━━━━━ Data extract

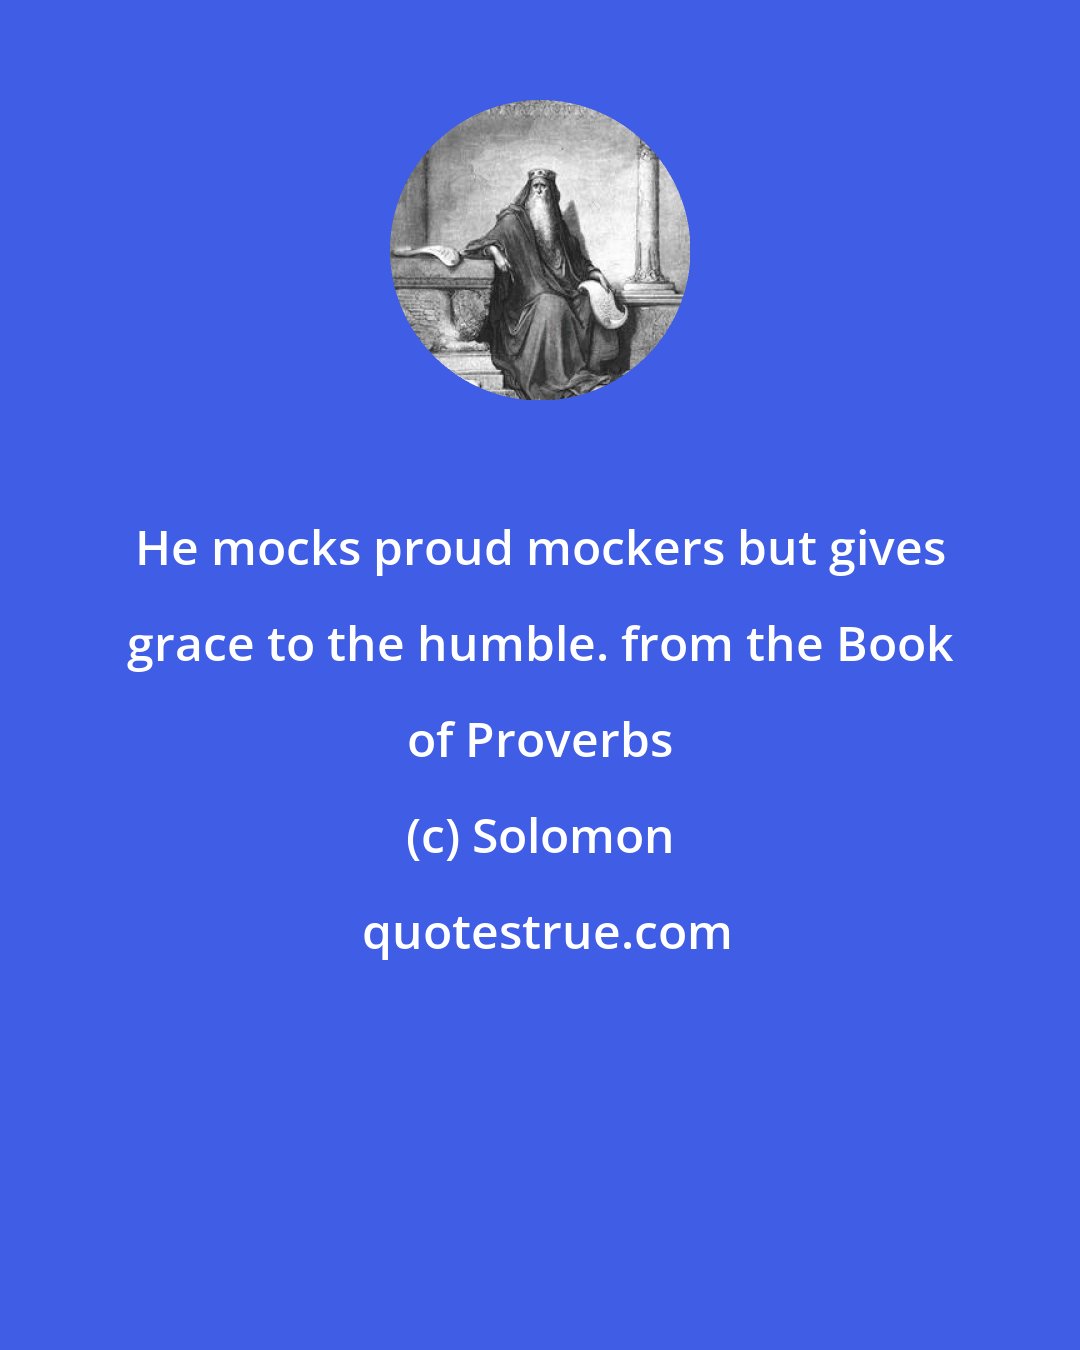 Solomon: He mocks proud mockers but gives grace to the humble. from the Book of Proverbs
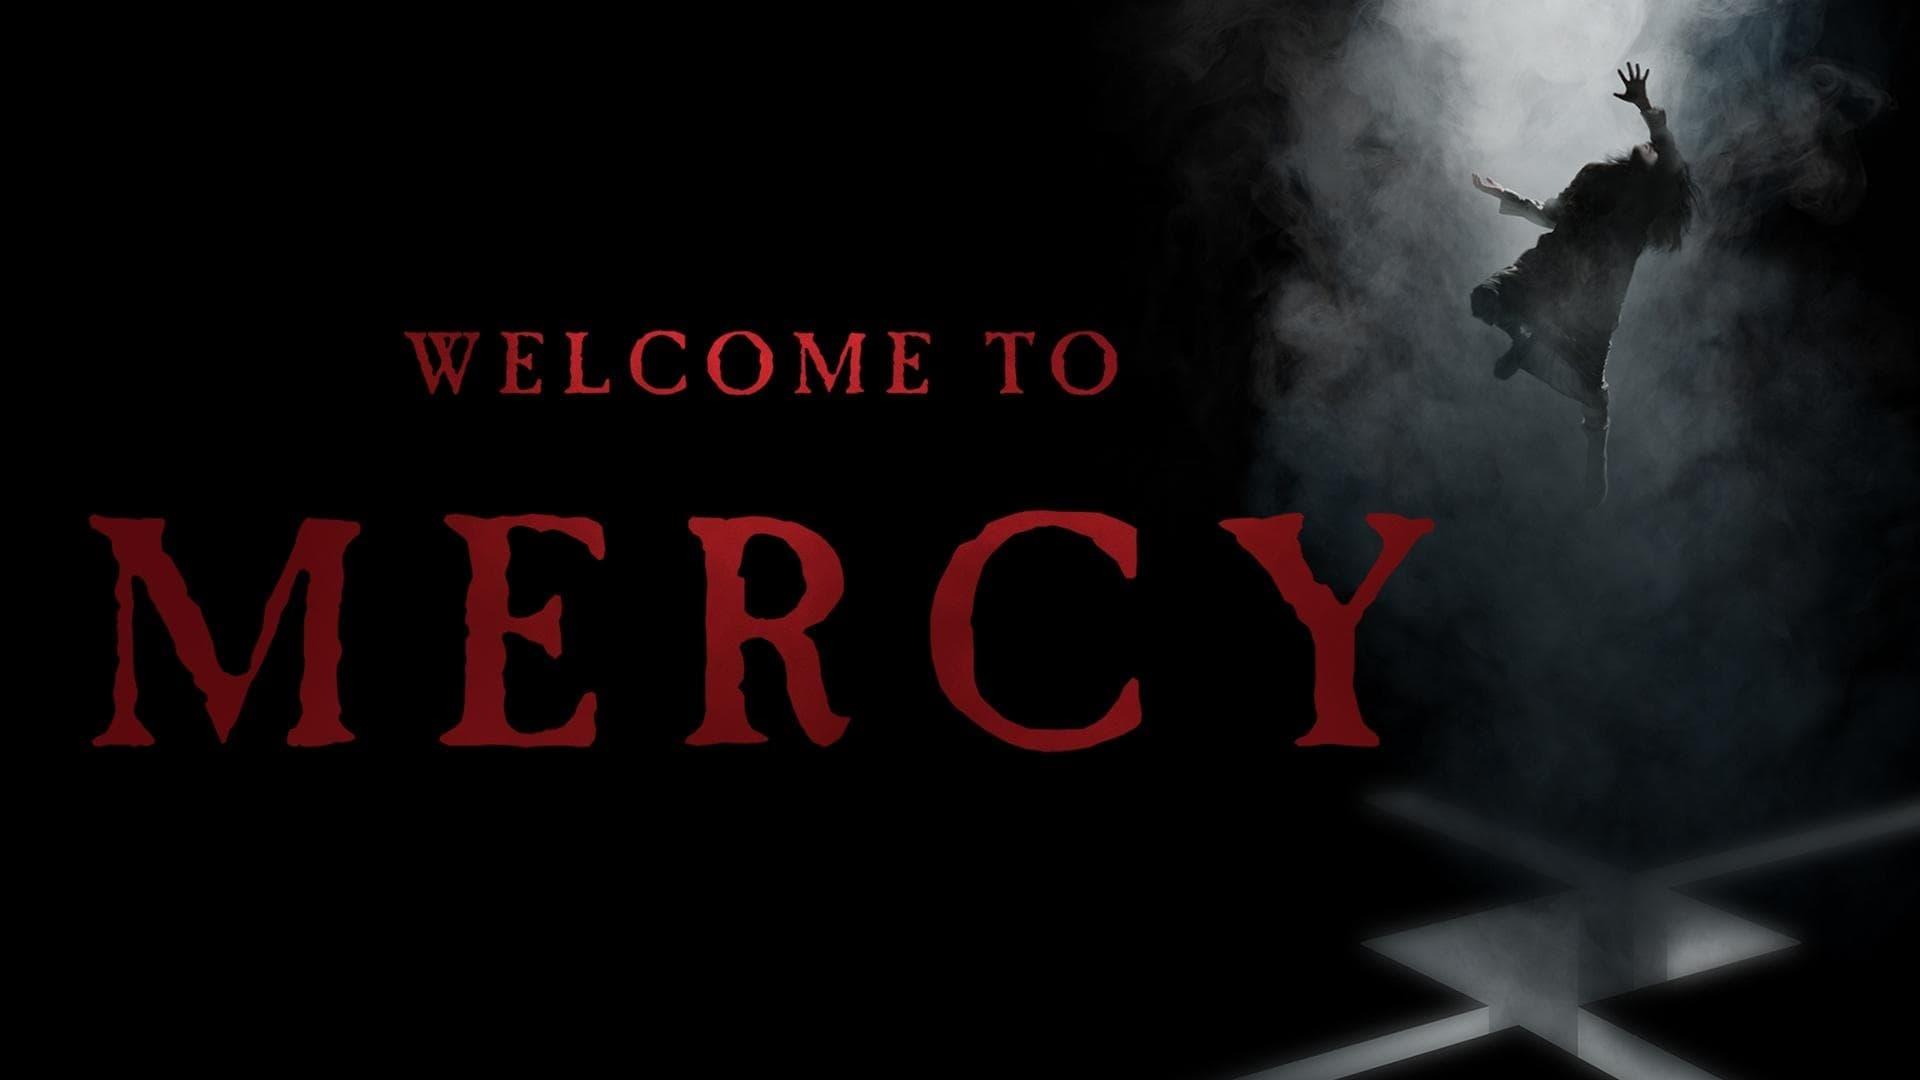 Welcome to Mercy backdrop
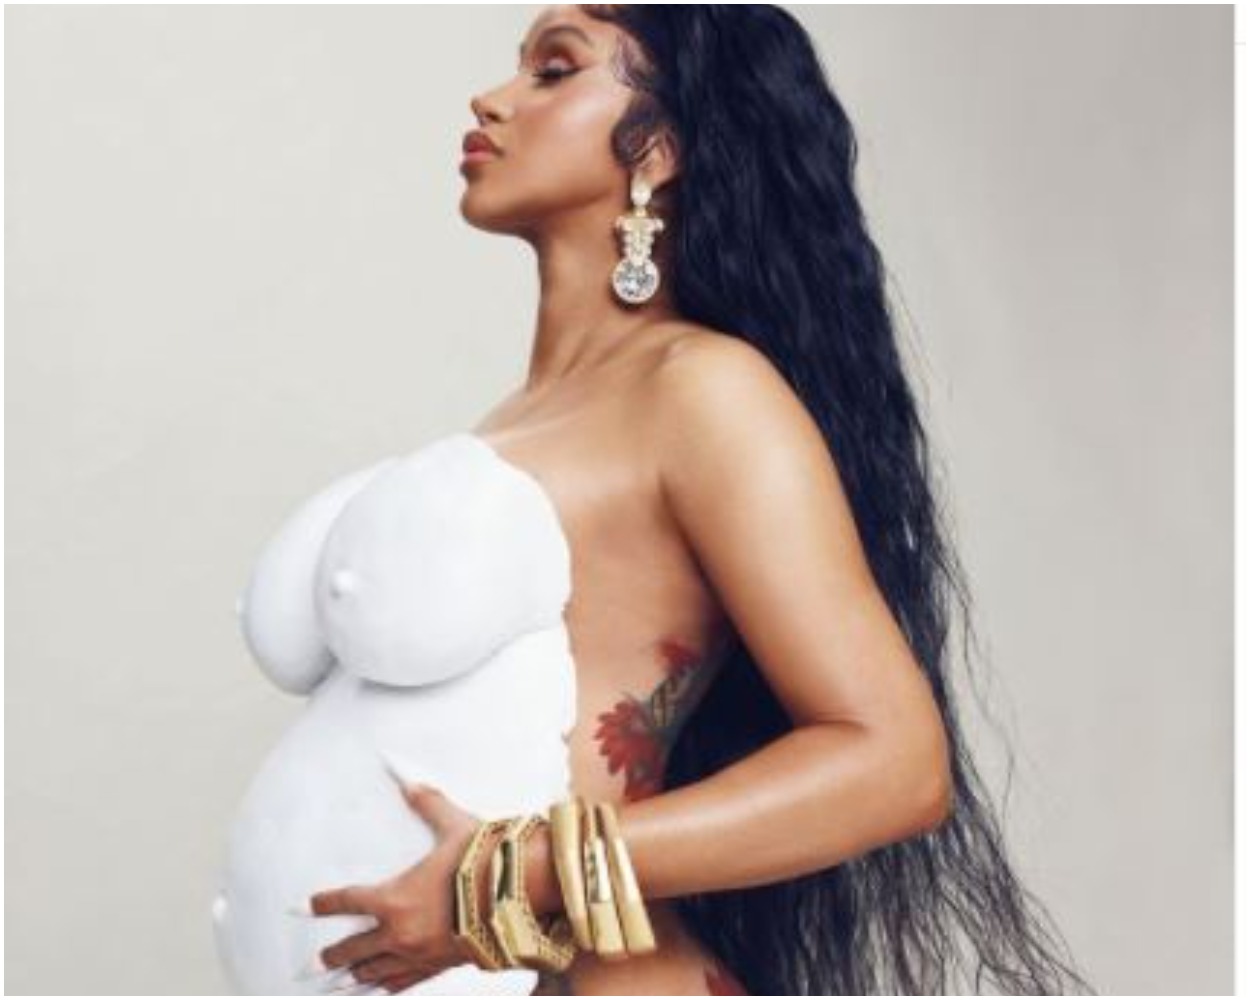 Cardi B Expecting Baby Number 2, With Hubby, Offset
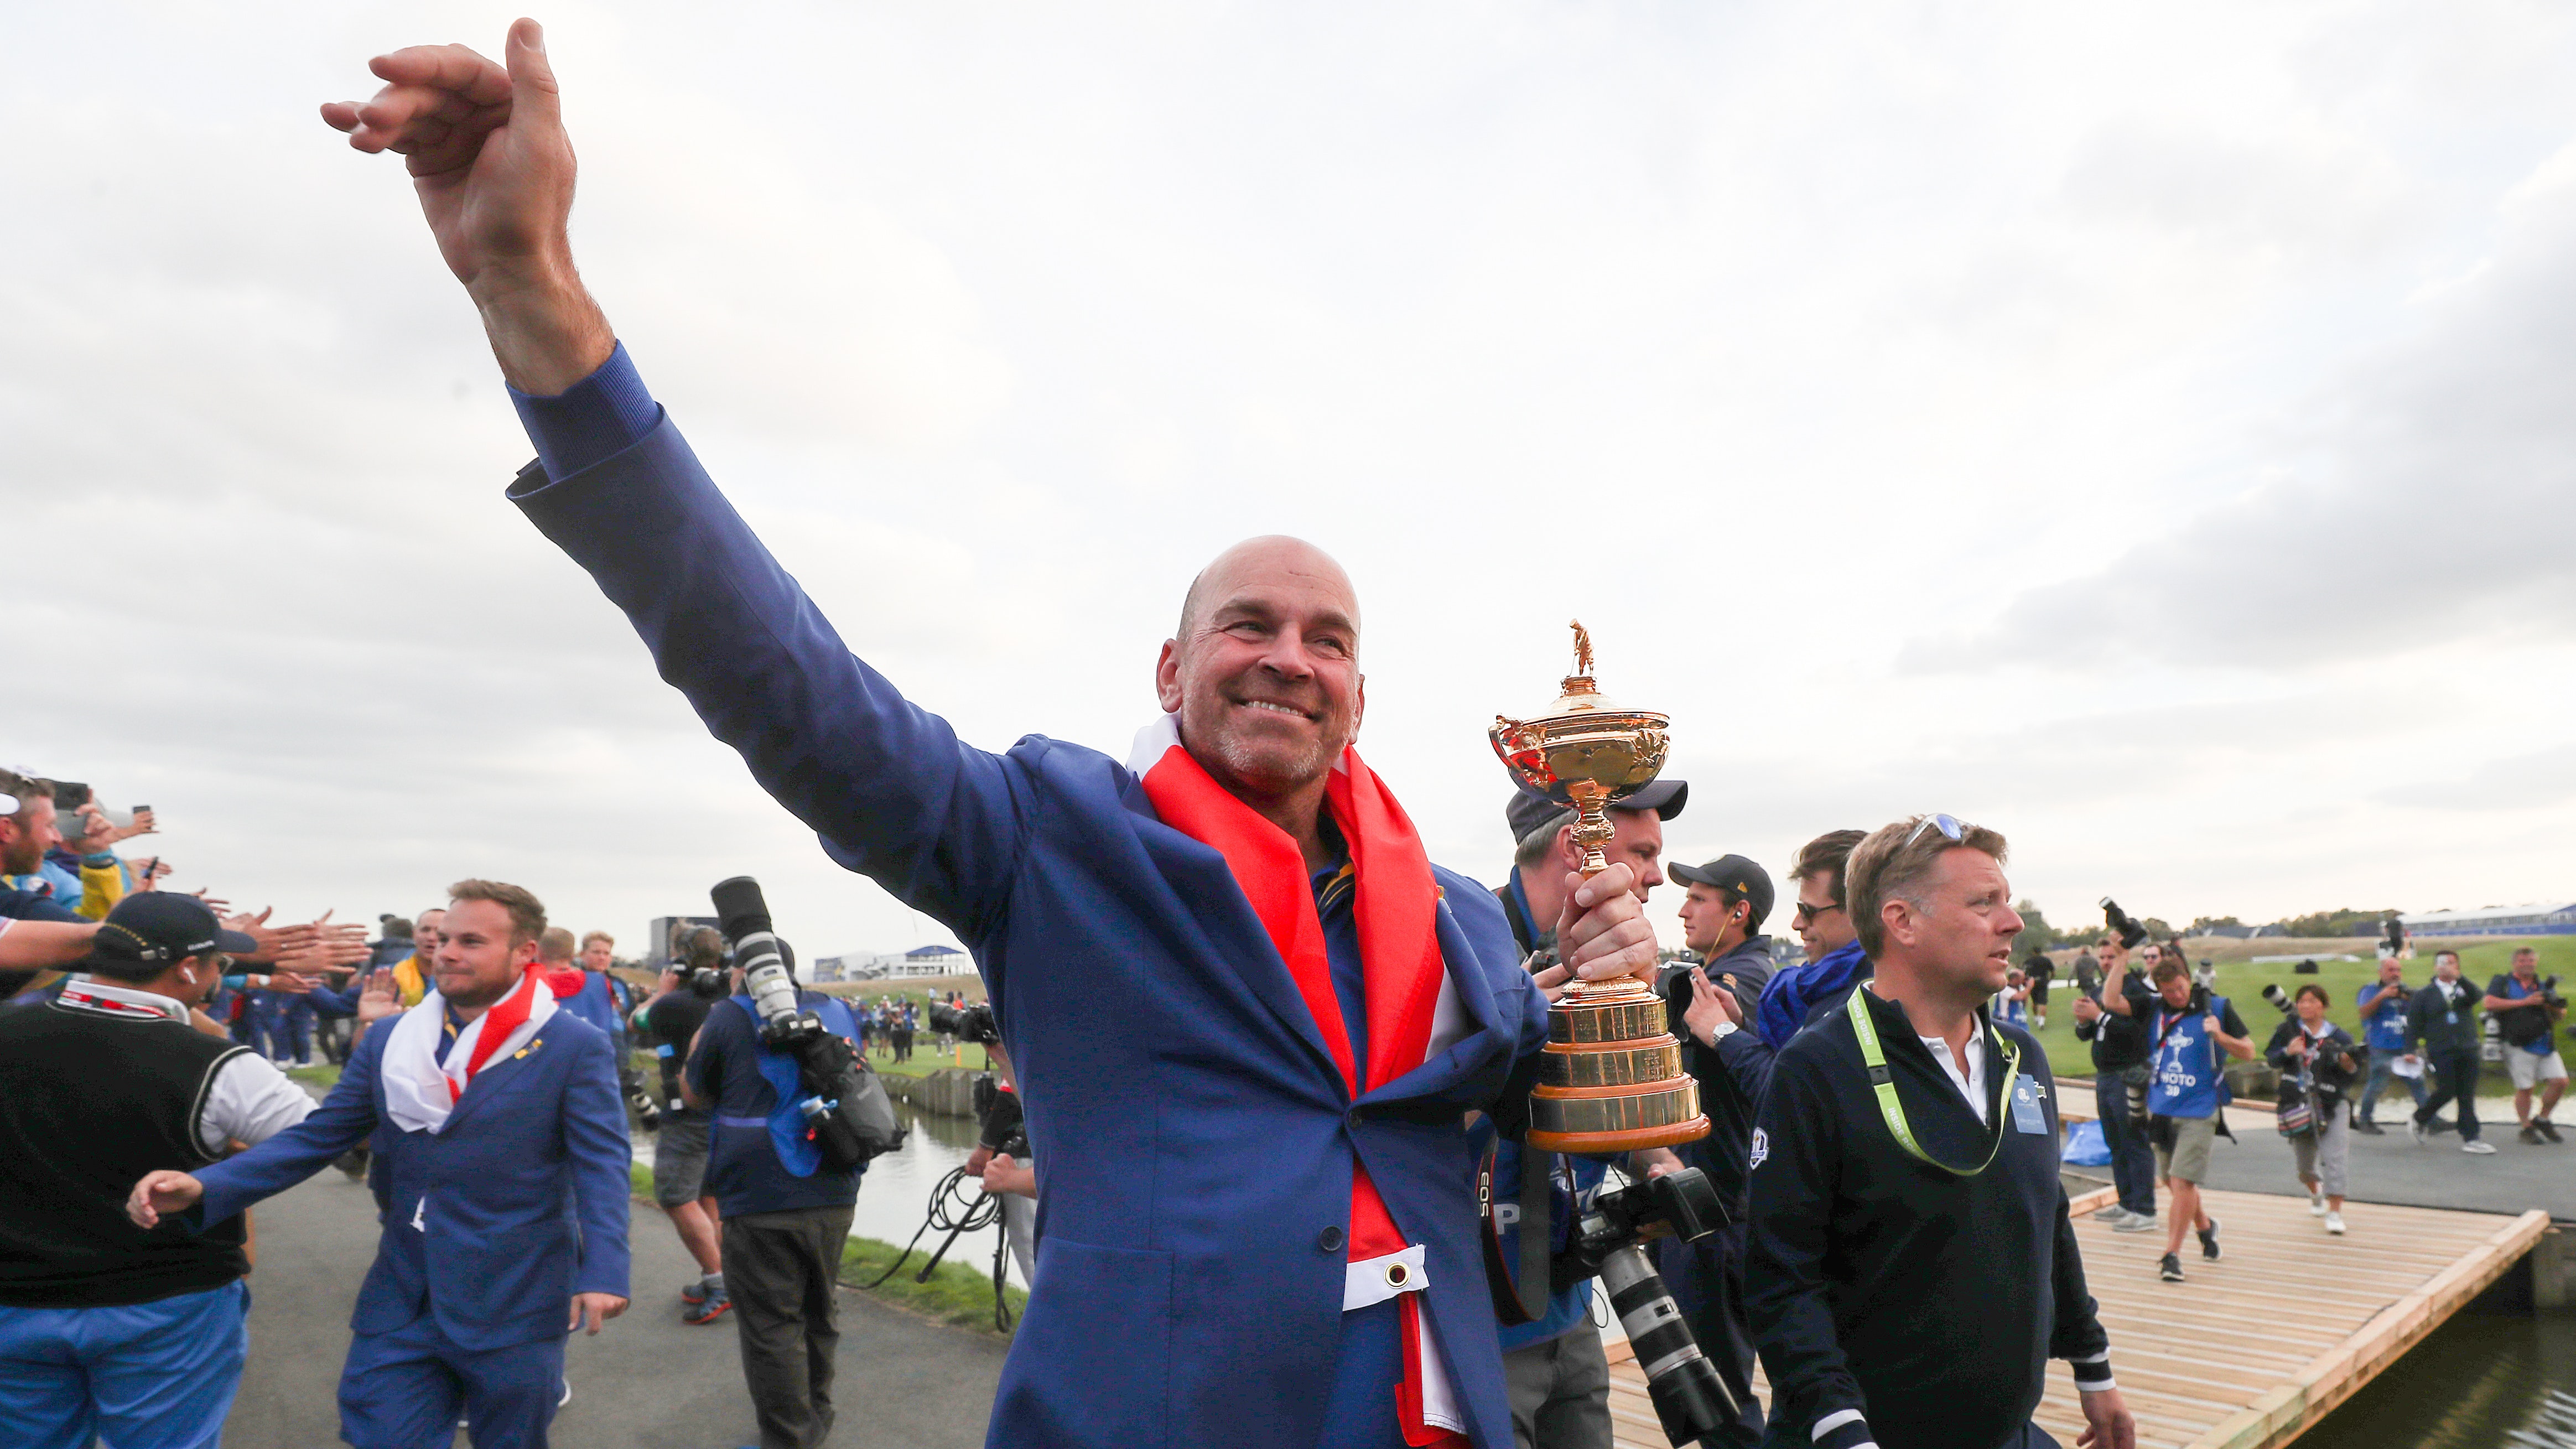 Thomas Bjorn is getting a TATTOO of the 2018 Ryder Cup scoreline!

━━━━━━━━━━

Task prompt:
Once more, please print the whole listing exactly, omitting each image.

Exercise solution:
 Solomon: He mocks proud mockers but gives grace to the humble. from the Book of Proverbs
 Welcome to Mercy backdrop
 Cardi B Expecting Baby Number 2, With Hubby, Offset
 Thomas Bjorn is getting a TATTOO of the 2018 Ryder Cup scoreline!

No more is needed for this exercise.